Mr. McCain was captivated, recalled Jeffrey Record, then an aide to former Senator Sam Nunn, the hawkish Georgia Democrat. “He thrives on competition, and he thrives on political combat,” Mr. Record said. “He saw the glamour of it. I think he really got smitten with the celebrity of power.”

First stop in Senate
It is unclear how long Mr. McCain has dreamed of the White House. Languishing in a North Vietnamese prison camp in 1970, he once mused aloud about the presidency, a cellmate, Richard A. Stratton, told a reporter eight years ago.

But when he returned from Vietnam in March 1973, Mr. McCain was so determined to continue as a Navy pilot that in defiance of his doctors he underwent a year of excruciating physical therapy to force an injured knee back to the required range of motion.

A steady trickle of other former P.O.W.’s were running for office, and Mr. McCain’s well-publicized valor as a captive had made him a minor celebrity.
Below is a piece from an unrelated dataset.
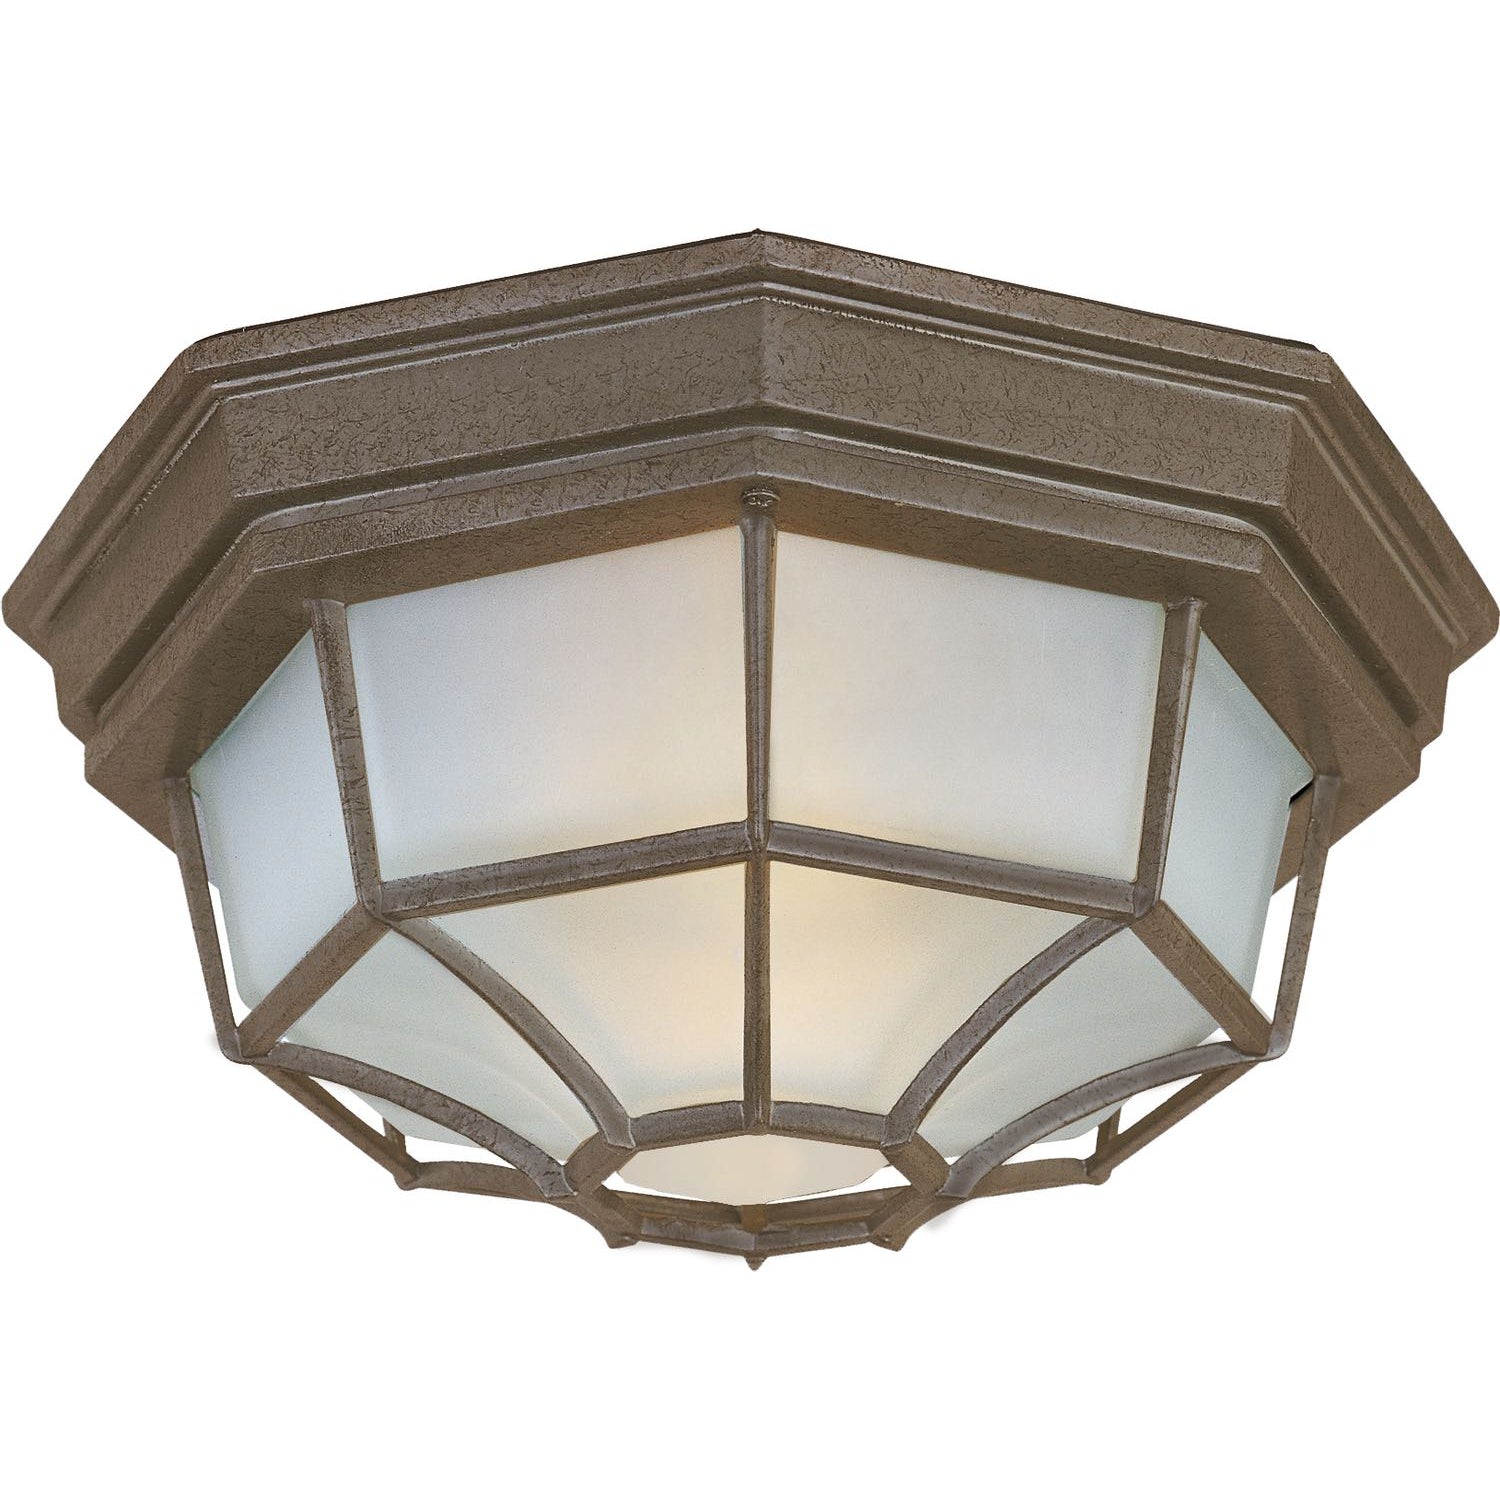 Crown Hill Outdoor Ceiling Light Rust Patina

But he rebuffed invitations to enter politics, focusing instead on his assignment commanding a fighter squadron near Jacksonville, Fla. He blamed Congress for “willfully breaking America’s word,” he later wrote, which he considered “shameful.”
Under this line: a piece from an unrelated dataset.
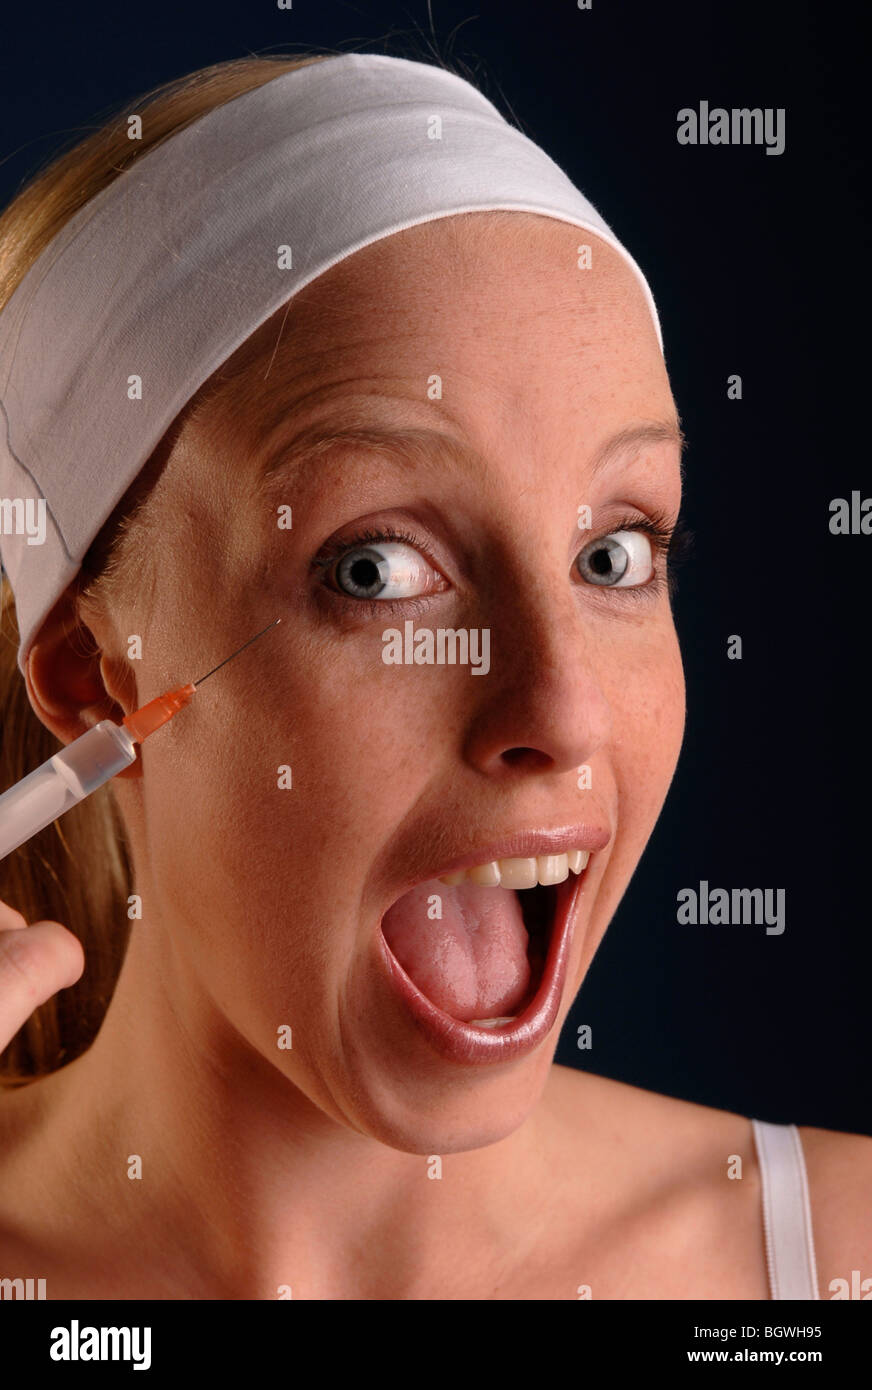 Young woman holding a syringe in her hand Stock Photo

But Adm. James L. Holloway, the chief of naval operations, saw other uses for Mr. McCain. Mr. Holloway knew that Mr. McCain’s father had once excelled as a Senate liaison. And though the son had earned a reputation as a playboy at the Naval academy, Mr. Holloway thought then-Commander McCain might have inherited the skills and judgment needed to deal with senators.

“He could smoke a cigar and play a little poker,” Mr. Holloway recalled in an interview. “But he didn’t let the situation get out of hand. He could tag along and take care of them and pay the bills and remember where they parked the car. And he was very circumspect. He didn’t get them in trouble.”